Giving Parkinson's Disease a Kung Fu Kick
Keeping active may help slow the loss of function in neurological diseases.
Posted December 8, 2015
Martial arts may be able to help with the rate of decline in Parkinson's disease, a progressive degeneration of the brain. It is associated with loss of dopamine transmission within clusters of neurons collectively called the "basal ganglia." Early symptoms of Parkinson's include motor deficits like tremors, rigidity of the muscles, slow and inaccurate movement, followed by later cognitive decline and dementia.
As Giovanni Abbruzzese and colleagues in Genoa, Italy have pointed out in a recent paper in "Parkinsonism and Related Disorders," that physical rehabilitation has typically been considered an occasional addition to pharmacological and surgical treatments for Parkinson's. There is a growing body of evidence, they point out, that physical rehabilitation—including appropriate martial arts training—can help reduce the decline of disability in Parkinson's and does so through adaptive neuroplasticity.
Someone with Parkinson's usually have significant problems with balance control. When trying to move around, poor balance control leads to a higher risk of falls. Fuzhong Li and others in Oregon, wanted to know if tai chi chu'an, a form of Chinese martial art that helps with balance control and many other issues in young and old, could have a beneficial effect on those with Parkinson's.
Li and colleagues published the results of their randomized control trial "Tai Chi and Postural Stability in Patients with Parkinson's Disease" in the New England Journal of Medicine. Twice each week for 24 weeks participants (who had "mild" to "moderate" impairments) in the trial performed 60 minutes of either tai chi, resistance training, or stretching.

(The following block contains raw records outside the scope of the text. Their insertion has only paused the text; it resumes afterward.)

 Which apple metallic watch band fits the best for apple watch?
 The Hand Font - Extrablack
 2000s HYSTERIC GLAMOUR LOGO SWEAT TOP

Tai chi training improved the maximum range and directional control of standing balance, as well as stride length during stepping and functional reach. There were some enhanced benefits compared to stretching or resistance training as well, suggesting an all encompassing intervention should likely include all 3 things for the most benefit.

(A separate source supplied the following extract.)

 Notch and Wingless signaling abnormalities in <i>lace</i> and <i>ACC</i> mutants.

In my view the really important concept that is captured in studies like those above is moving beyond concerns for cure. Biomedical science does not currently have a cure for Parkinson's. But if we flip the concept around and think instead about slowing down the progress of the disease, rehabilitation can now be seen as an important activity to include in management.

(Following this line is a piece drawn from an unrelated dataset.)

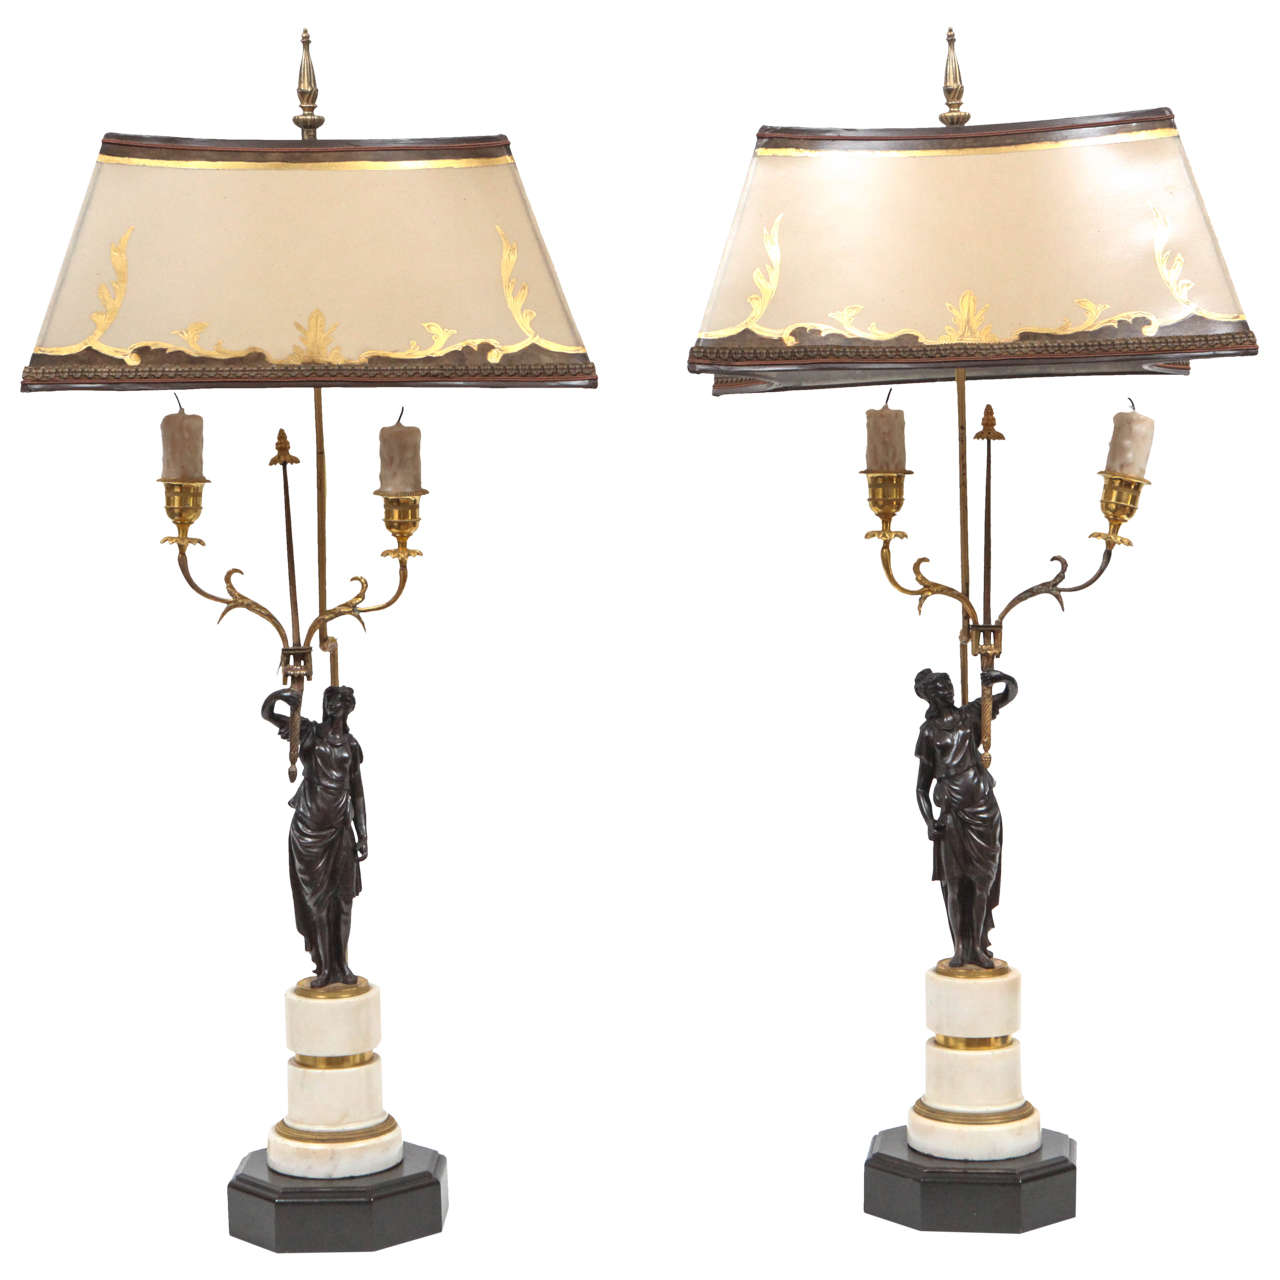 Pair of 19th Century French Marble and Bronze Candlestick Lamps

More work in this area is needed but the takeaway is that engaging in meaningful physical activity can tap into fundamental principles of our biology across our entire lifespans. People are animals too, and all animals need to move. Physical activity is a key factor in keeping human bodies healthy and well.
The evidence shows that physical activity can serve an important rehabilitative role in neurological disorders. Especially physical activities like martial arts that challenge coordination within the motor and sensory systems found in our brains and spinal cords.
Brain plasticity has no expiration date. It's up to us to take those steps—or kicks—in as helpful a direction as we can manage.